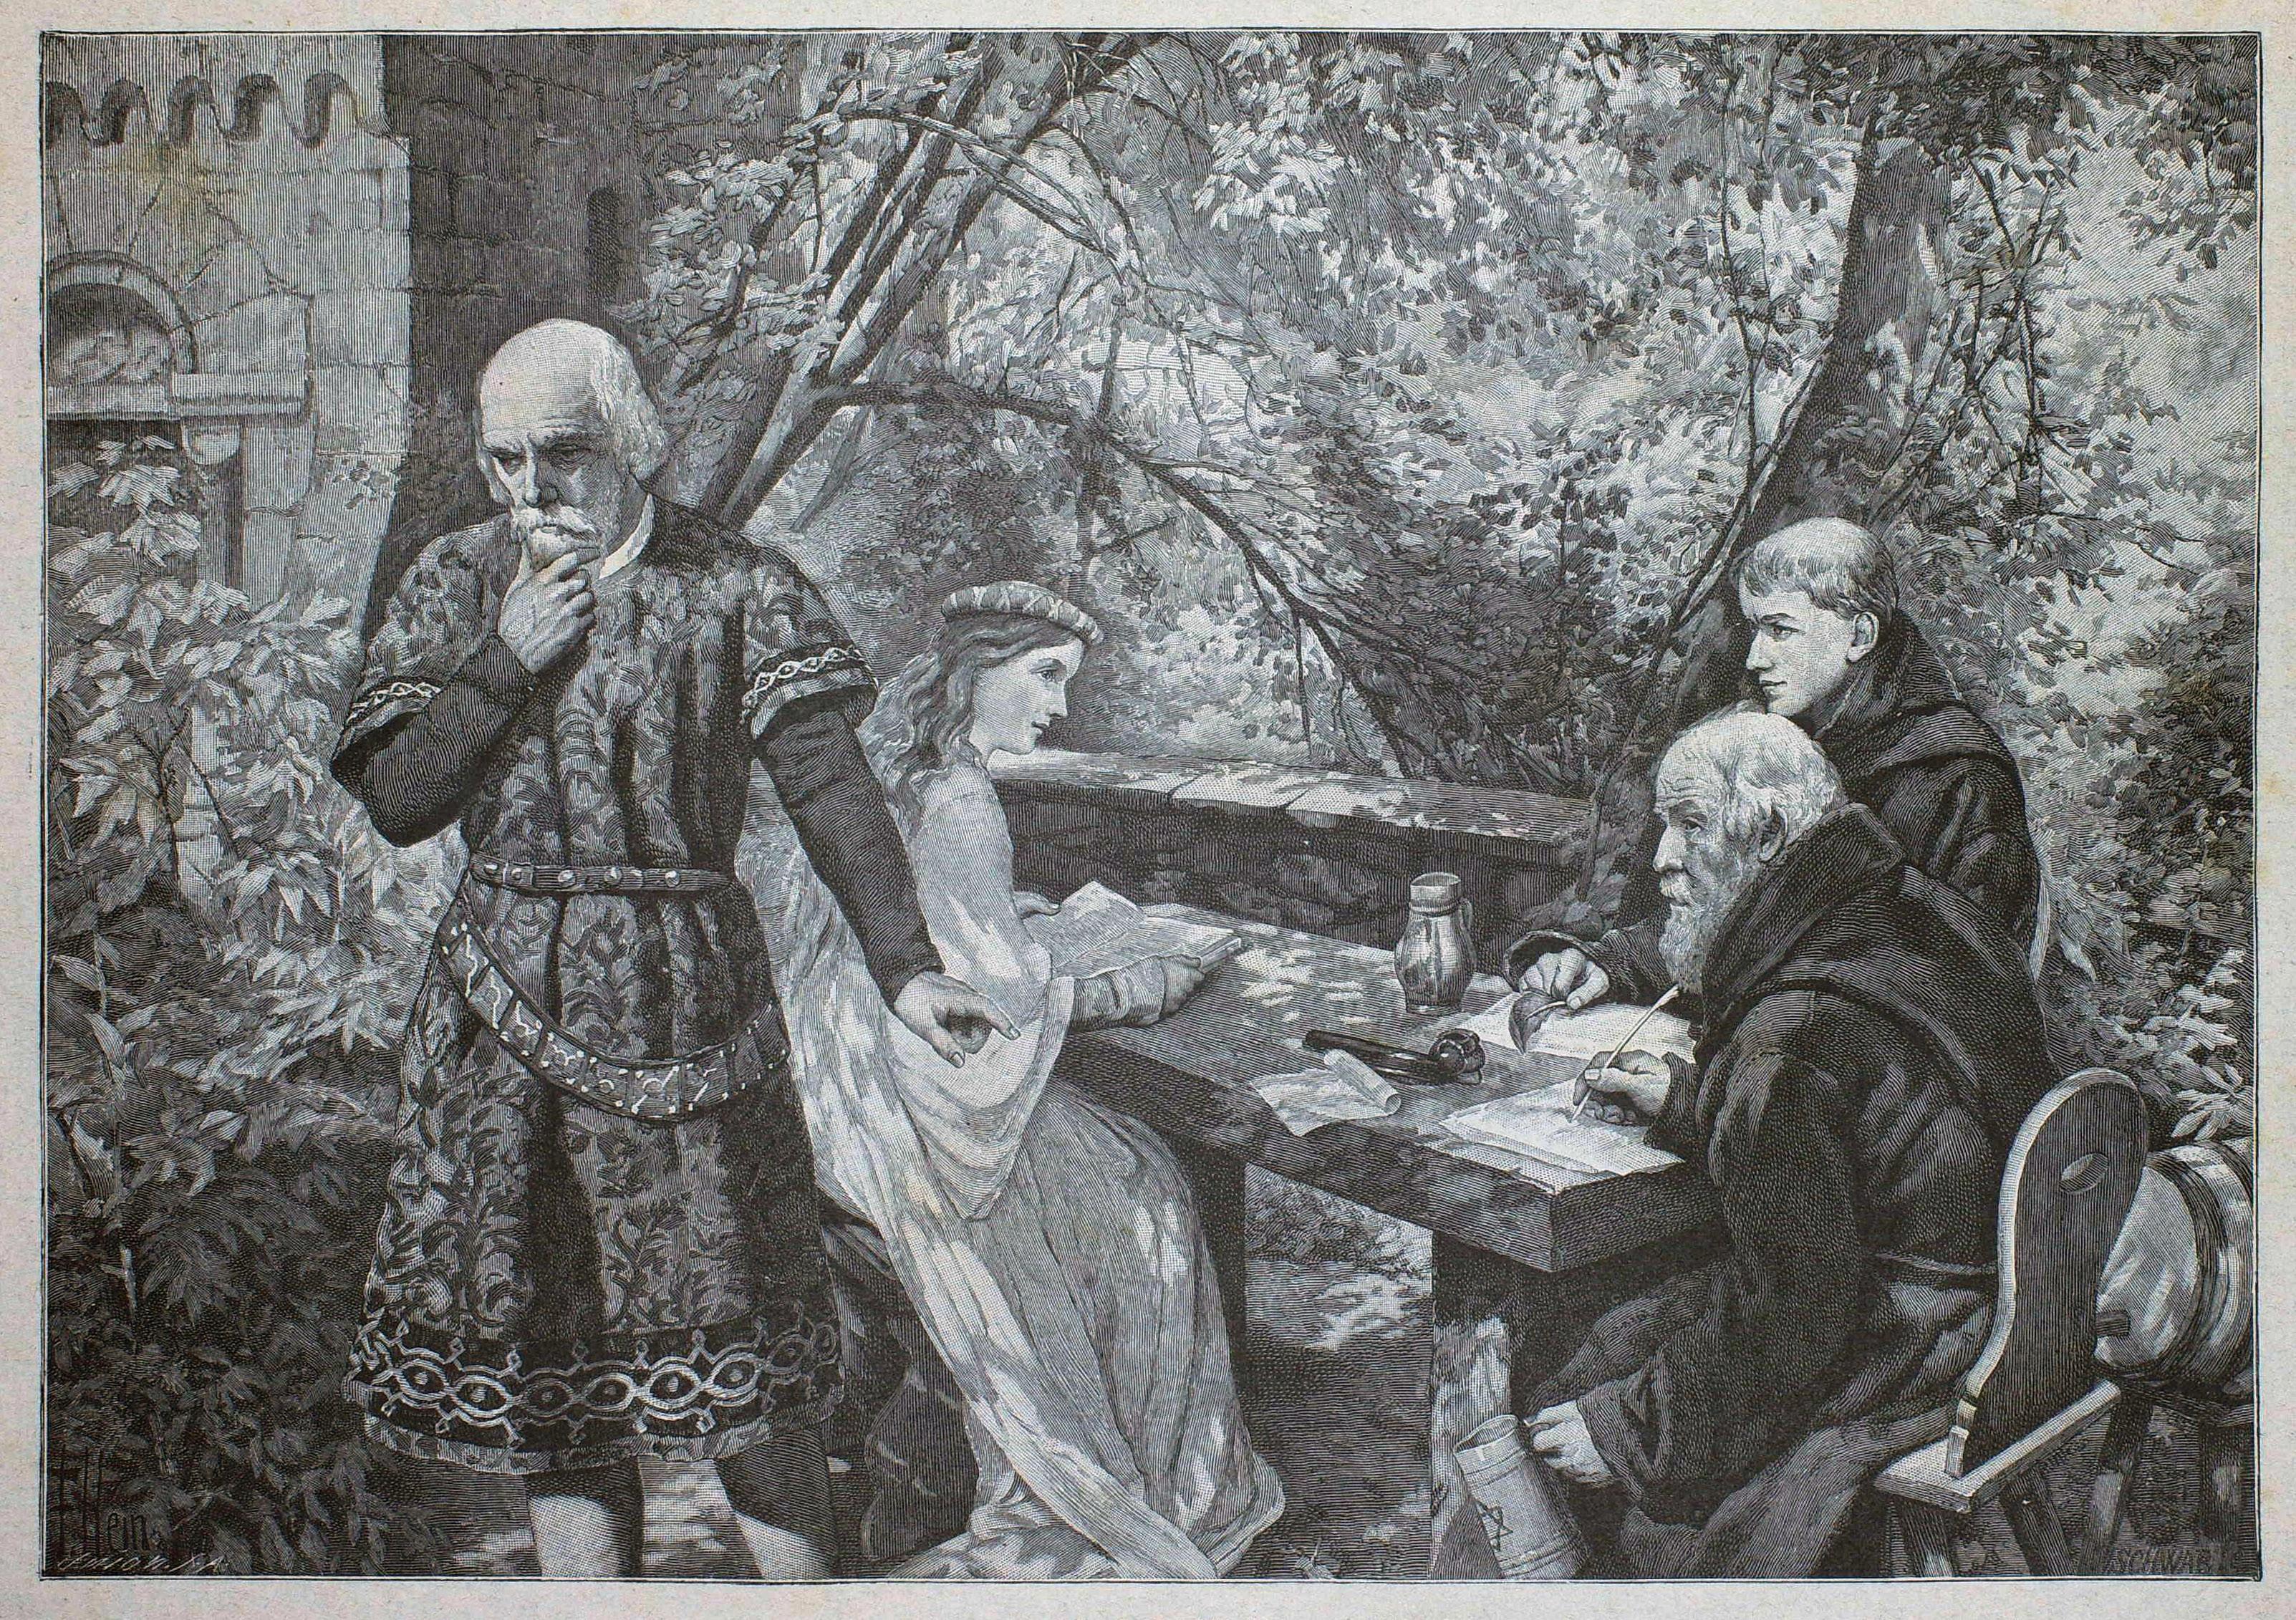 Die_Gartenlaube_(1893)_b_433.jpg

* * *

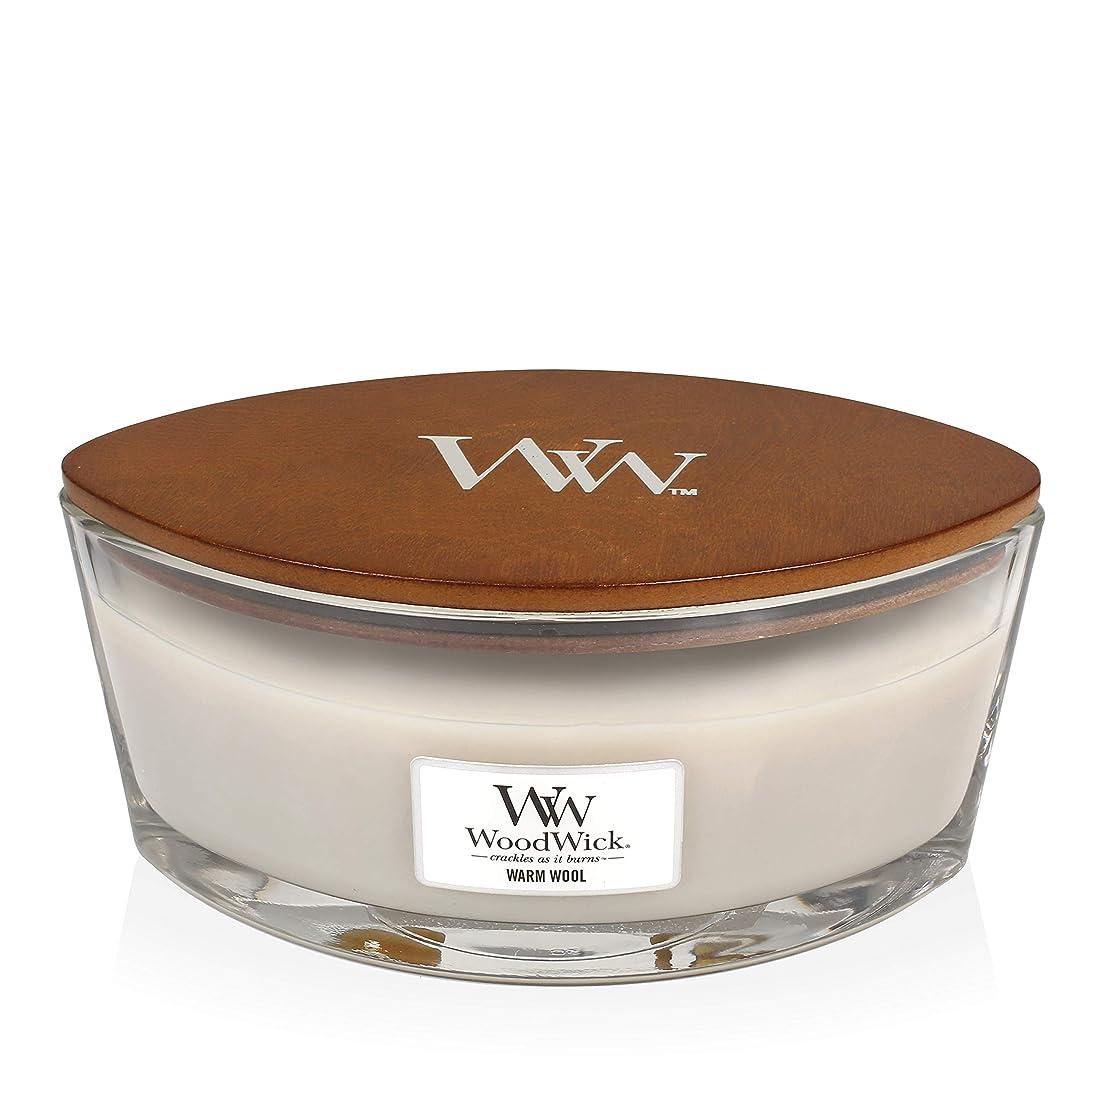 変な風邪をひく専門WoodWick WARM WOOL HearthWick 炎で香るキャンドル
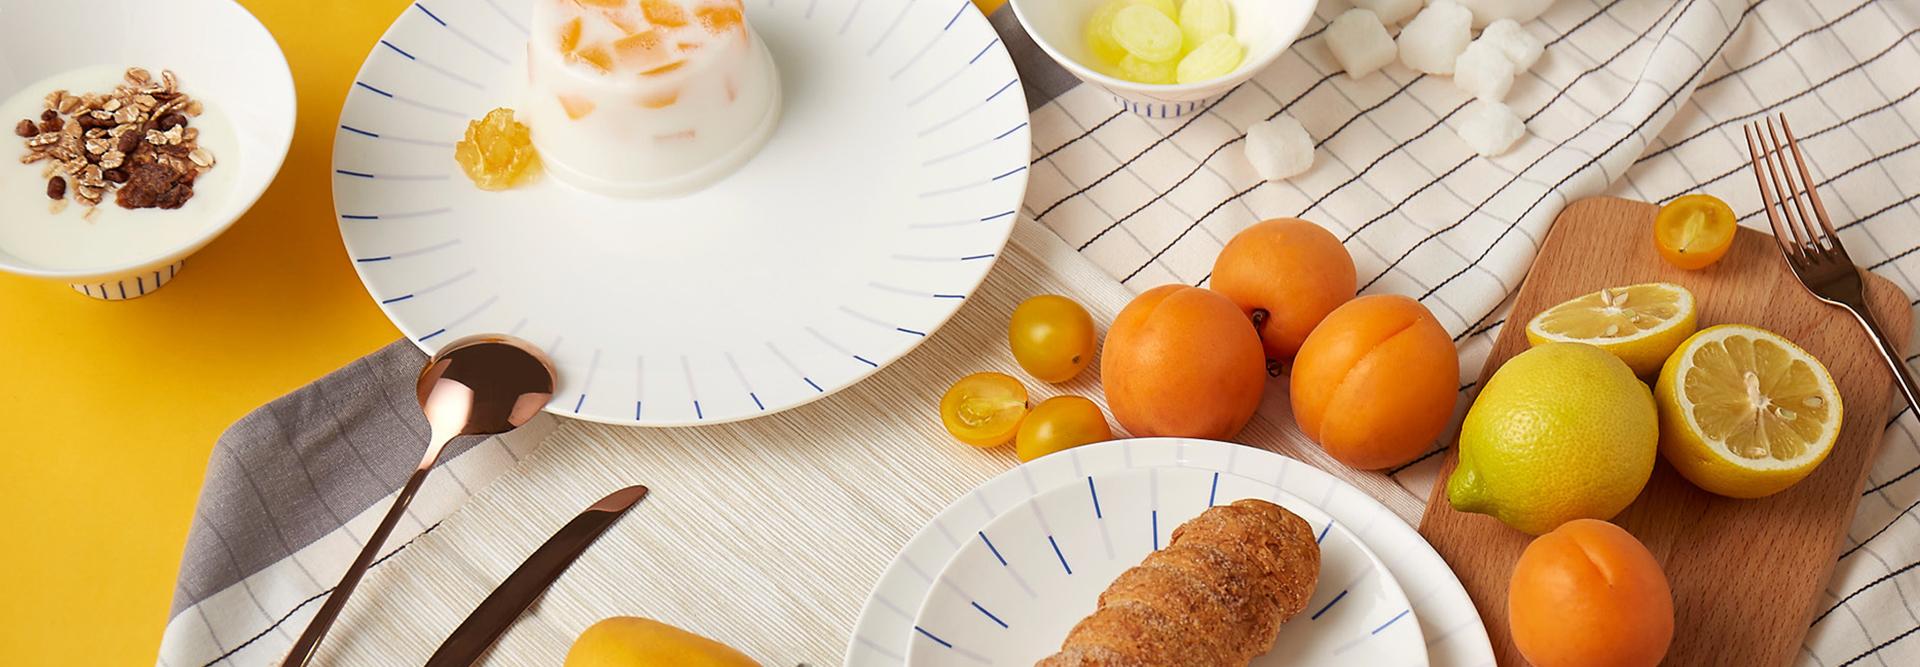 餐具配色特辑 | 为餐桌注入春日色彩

**AIM OF THE EXERCISE**. Repeat the lines above exactly, beginning with the one containing "変な風邪をひく専門WoodWick WARM WOOL" and finishing with the one containing "餐具配色特辑 | 为餐桌注入春日色彩". No pictures belong in the copy.

**PROBLEM SOLUTION**.
 変な風邪をひく専門WoodWick WARM WOOL HearthWick 炎で香るキャンドル
 餐具配色特辑 | 为餐桌注入春日色彩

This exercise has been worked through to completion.